I went in this morning to print out my boarding pass for a United flight tomorrow morning.  I'm getting the message that I'll need to check in with an agent at the airport.  I'm not liking this *at all*!  Anyone have any ideas of what this might be happening?  The flight was booked with ff miles, which usually doesn't make a difference, and it looks like they are still offering it up for sale on the United website, so I'm stumped.  Unless I'm being selected for _random_ screening. :annoyed:


----------



## Dave M (May 9, 2007)

There are several possibilities. You have hit on the most likely reason, thee are other possible explanations, including:

- If you don't yet have a seat assignment, it may be that the flight is oversold (or almost full) and remaining seat assignments are under airport control.
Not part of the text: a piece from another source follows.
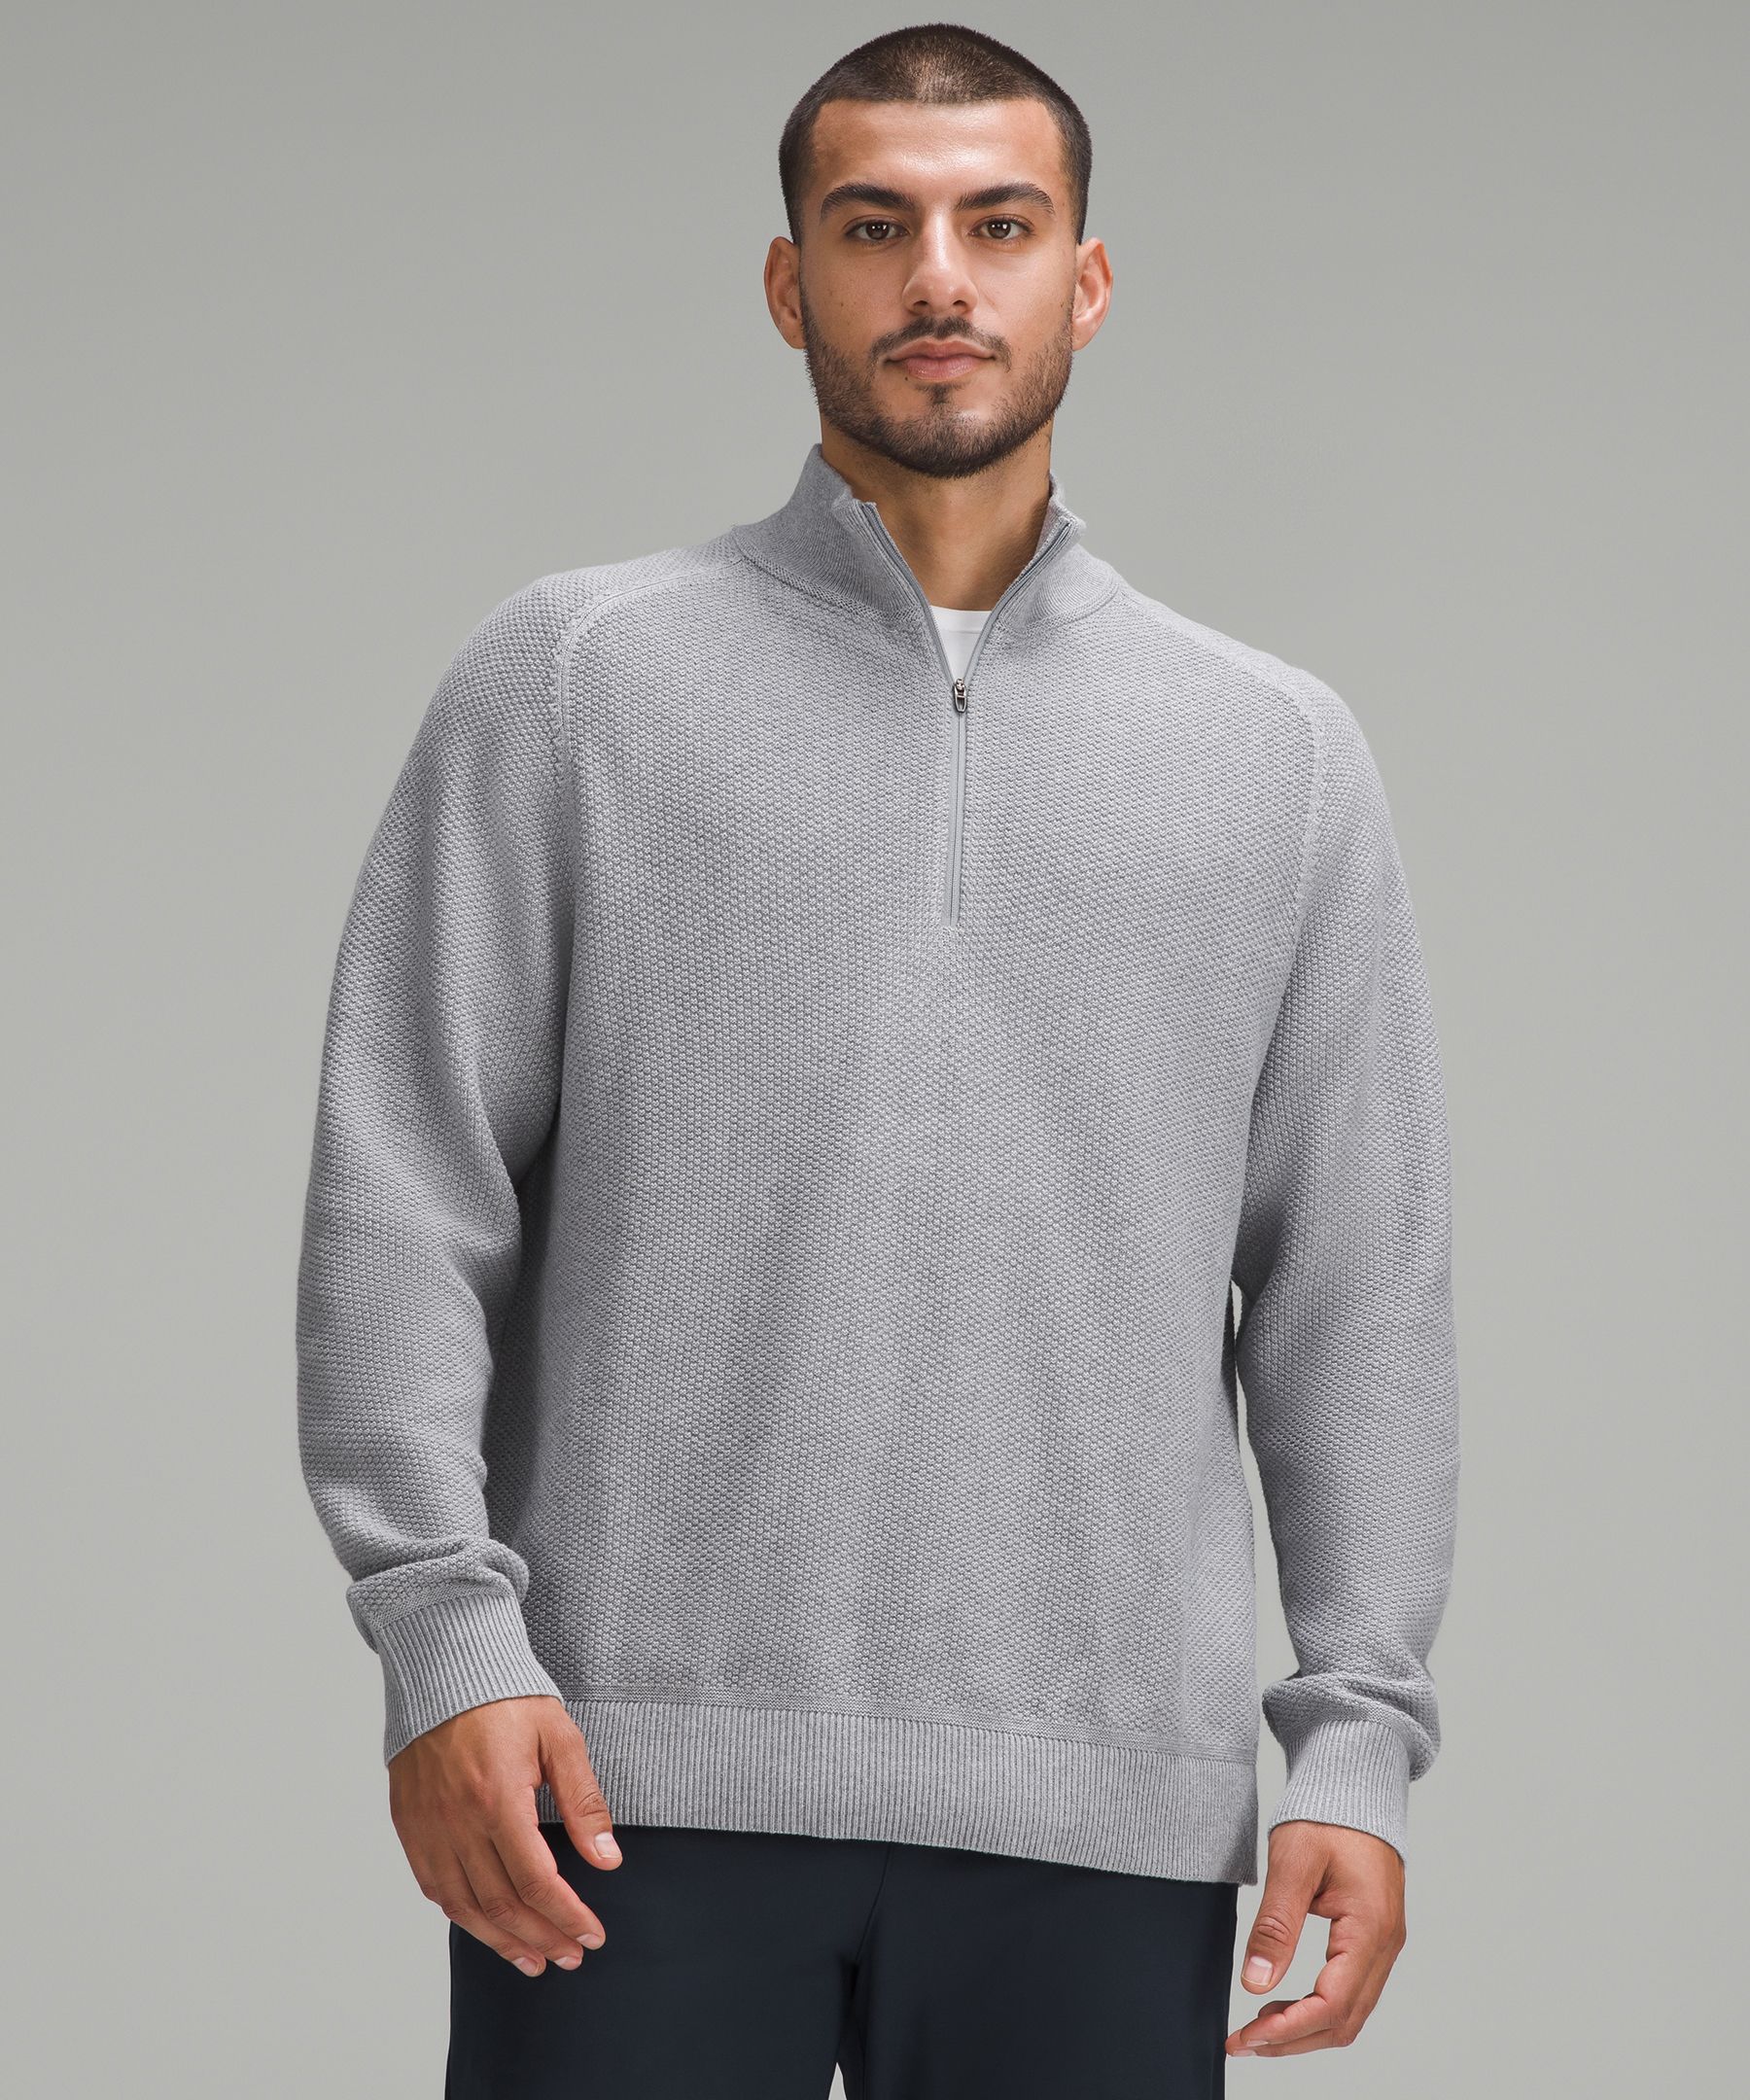 Textured Knit Half-Zip Sweater | Men's Hoodies & Sweatshirts | lululemon

- It's possible that there has been an equipment change, requiring some change to seat assignments. Although such a change is usually noted as a "schedule change" in your UA online itinerary, it might not be so listed if the change was made yesterday or today.
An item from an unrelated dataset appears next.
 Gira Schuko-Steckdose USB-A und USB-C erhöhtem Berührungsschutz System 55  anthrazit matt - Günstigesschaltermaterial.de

- Although you have a reservation, it's at least possible that there was an error in processing your ticket and the ticket hasn't actually been issued. If you can look at your online itinerary and see a ticket #, starting with "016", the ticket has been issued. If not, prepare for what could be a long wait at the check-in counter tomorrow while it gets sorted out. And that leads me to....

...my recommendation: I would call UA and ask "Why?" If the rep doesn't know, ask to speak to a supervisor who might be able to figure it out. If you get the dreaded India call center on the line, you may have no choice but to hang up and try again (and again and again).


----------



## UWSurfer (May 9, 2007)

This is the second time I've seen seats referred to as being under "airport control".  What does THAT mean and why would they separate seat assignment from the rest of the system?


----------



## Luanne (May 9, 2007)

Dave M said:


> - If you don't yet have a seat assignment, it may be that the flight is oversold (or almost full) and remaining seat assignments are under airport control.


I have seat assignments and status online shows confirmed.



> - It's possible that there has been an equipment change, requiring some change to seat assignments. Although such a change is usually noted as a "schedule change" in your UA online itinerary, it might not be so listed if the change was made yesterday or today.


No schedule change shown.



> - Although you have a reservation, it's at least possible that there was an error in processing your ticket and the ticket hasn't actually been issued. If you can look at your online itinerary and see a ticket #, starting with "016", the ticket has been issued. If not, prepare for what could be a long wait at the check-in counter tomorrow while it gets sorted out. And that leads me to....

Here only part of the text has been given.